Ancient Prophesy

A recently found Ancient Prophesy is believed to contain the exact Apocalypse date. The prophesy is a string that only consists of digits and characters “-“.

We’ll say that some date is mentioned in the Prophesy if there is a substring in the Prophesy that is the date’s record in the format “dd-mm-yyyy”. We’ll say that the number of the date’s occurrences is the number of such substrings in the Prophesy.

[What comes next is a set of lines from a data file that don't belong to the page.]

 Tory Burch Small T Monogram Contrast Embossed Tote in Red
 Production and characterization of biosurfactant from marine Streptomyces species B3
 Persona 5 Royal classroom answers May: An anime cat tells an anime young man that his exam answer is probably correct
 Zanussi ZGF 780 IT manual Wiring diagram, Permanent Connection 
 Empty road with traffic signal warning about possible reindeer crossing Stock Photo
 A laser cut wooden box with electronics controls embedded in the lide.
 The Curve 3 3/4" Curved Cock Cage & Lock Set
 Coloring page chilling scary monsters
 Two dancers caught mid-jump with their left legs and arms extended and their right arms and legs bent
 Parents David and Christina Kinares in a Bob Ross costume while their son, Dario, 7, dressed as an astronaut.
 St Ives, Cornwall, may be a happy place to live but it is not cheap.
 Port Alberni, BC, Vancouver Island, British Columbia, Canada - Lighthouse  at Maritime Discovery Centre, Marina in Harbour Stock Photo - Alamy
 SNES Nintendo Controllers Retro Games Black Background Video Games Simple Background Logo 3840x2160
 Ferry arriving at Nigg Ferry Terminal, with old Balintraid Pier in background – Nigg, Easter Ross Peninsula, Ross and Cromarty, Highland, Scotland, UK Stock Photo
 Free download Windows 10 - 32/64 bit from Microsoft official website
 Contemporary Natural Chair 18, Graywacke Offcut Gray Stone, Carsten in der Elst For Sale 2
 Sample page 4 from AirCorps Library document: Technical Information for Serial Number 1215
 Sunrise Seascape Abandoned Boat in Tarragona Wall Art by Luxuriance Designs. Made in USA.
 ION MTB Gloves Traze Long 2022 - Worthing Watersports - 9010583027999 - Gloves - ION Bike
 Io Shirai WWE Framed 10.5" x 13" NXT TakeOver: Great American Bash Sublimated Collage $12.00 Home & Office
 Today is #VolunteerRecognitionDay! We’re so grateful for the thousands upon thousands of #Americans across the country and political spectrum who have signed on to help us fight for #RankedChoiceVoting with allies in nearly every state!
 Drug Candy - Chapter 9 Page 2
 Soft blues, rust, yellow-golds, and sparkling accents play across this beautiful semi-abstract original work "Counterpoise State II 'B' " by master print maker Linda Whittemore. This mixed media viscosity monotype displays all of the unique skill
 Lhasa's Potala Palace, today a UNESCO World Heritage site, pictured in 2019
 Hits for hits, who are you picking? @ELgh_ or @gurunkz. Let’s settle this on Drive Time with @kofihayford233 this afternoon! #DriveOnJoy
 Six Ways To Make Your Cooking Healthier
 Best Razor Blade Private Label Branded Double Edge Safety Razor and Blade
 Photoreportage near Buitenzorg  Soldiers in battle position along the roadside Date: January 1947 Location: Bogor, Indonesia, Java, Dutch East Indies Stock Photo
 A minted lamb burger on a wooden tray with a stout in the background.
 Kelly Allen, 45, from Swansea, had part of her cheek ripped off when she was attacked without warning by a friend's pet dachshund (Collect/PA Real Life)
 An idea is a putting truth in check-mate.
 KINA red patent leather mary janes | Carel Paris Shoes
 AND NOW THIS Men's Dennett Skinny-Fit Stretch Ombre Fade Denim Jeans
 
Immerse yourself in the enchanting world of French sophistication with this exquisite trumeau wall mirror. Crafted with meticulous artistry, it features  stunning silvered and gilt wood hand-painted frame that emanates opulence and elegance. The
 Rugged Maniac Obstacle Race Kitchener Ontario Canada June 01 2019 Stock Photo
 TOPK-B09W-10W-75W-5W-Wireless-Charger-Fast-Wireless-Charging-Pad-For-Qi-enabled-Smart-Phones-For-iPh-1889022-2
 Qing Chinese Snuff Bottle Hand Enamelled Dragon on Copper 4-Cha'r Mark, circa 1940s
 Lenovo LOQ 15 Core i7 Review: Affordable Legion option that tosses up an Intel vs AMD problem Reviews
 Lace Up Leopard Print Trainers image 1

For example, the Prophesy “0012-10-2012-10-2012” mentions date 12-10-2012 twice (first time as “0012-10-2012-10-2012″, second time as “0012-10-2012-10-2012“).

The date of the Apocalypse is such correct date that the number of times it is mentioned in the Prophesy is strictly larger than that of any other correct date.

A date is correct if the year lies in the range from 2013 to 2015, the month is from 1 to 12, and the number of the day is strictly more than a zero and doesn’t exceed the number of days in the current month. Note that a date is written in the format “dd-mm-yyyy”, that means that leading zeroes may be added to the numbers of the months or days if needed. In other words, date “1-1-2013” isn’t recorded in the format “dd-mm-yyyy”, and date “01-01-2013” is recorded in it.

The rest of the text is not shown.